Jusqu'à la fin de la seconde guerre mondiale, la vendange débutait le lundi suivant la Saint Barthélémy. Elle occasionne la force aux paniers. Si cette tradition perdurait en 2009, les Pescalunes se seraient rendus lundi 24 août sur l'Esplanade Roger Damour pour faire ample provision de seaux, cornues, corbeilles, serpettes ou encore d'aliments faciles à préparer tels les chapelets d'ails ou d'oignons, les tomates ou les melons.
Suivait le recrutement des saisonniers. Il s'agissait souvent de chemineaux occupés pour un salaire modique et du vin à suffisance au treuillage ou au charriage des comportes. La récolte rentrée, ils continuaient leurs existences vagabondes vers les Cévennes où les attendait le ramassage des châtaignes. Peut-être empruntaient-ils alors les mêmes "drailles"

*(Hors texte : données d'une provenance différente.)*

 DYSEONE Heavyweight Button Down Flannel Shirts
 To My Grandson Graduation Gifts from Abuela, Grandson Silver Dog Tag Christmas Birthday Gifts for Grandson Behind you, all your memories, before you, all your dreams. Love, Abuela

millénaires que ces Ardéchois ou Lozériens venus louer leurs services aux agriculteurs de la plaine.
Ces autres travailleurs itinérants repartaient dans leurs villages avec, en poche, une somme constituant la majeure partie de leur revenu annuel. Mais qui, sans doute, leur suffisait amplement : il fallait attendre septembre 1919 pour que cinq cents vendangeurs se mettent en grève dans la commune de Lunel. Coupeurs ou porteurs obtenaient rapidement 20 francs pour les hommes, 10 francs pour les femmes... Et le vin pour les travailleurs des deux sexes, en quantité égale.
Les premières vendanges d'après-guerre occasionnaient une petite révolution. Aux chemineaux, aux "gavachs" s'unissaient les gens du Vaucluse et des Pays de Loire, puis des convois entiers d'Espagnols que les patrons venaient accueillir à la gare avant de les amener à pied d'oeuvre. A un salaire aussi modique que cinquante ans auparavant (300 francs pour les porteurs, 288 francs pour les coupeurs) s'ajoutait la perspective pour certains de rapporter à la maison quelques litres d'un vin alors rationné.
L'afflux de personnel saisonnier, la récolte, les travaux de vinification causaient une grande animation en ville. Et certains désagréments. Si, au seuil du XX e siècle, les propriétaires viticulteurs du centre de Lunel disposaient de l'installation nécessaire à leur exploitation (caves, cuves, tonnellerie...), ils n'avaient aucun moyen d'assainissement. Les marcs des pressoirs s'amoncelaient dans les rues et le cas de ce négociant du Cours Gabriel Péri qui rinçait ses futailles puis vidait l'eau dans le ruisseau, descendant jusqu'au port du canal, ne semblait pas isolé.
L'ouverture en août 1913 de la cave coopérative amenait peu à peu la disparition des caves particulières. D'où davantage de calme et de salubrité en centre-ville, mais depuis le Pont de Vesse, de longues processions de charrettes tirées par des chevaux. Lesquels, victimes du progrès, céderont bientôt la place aux tracteurs.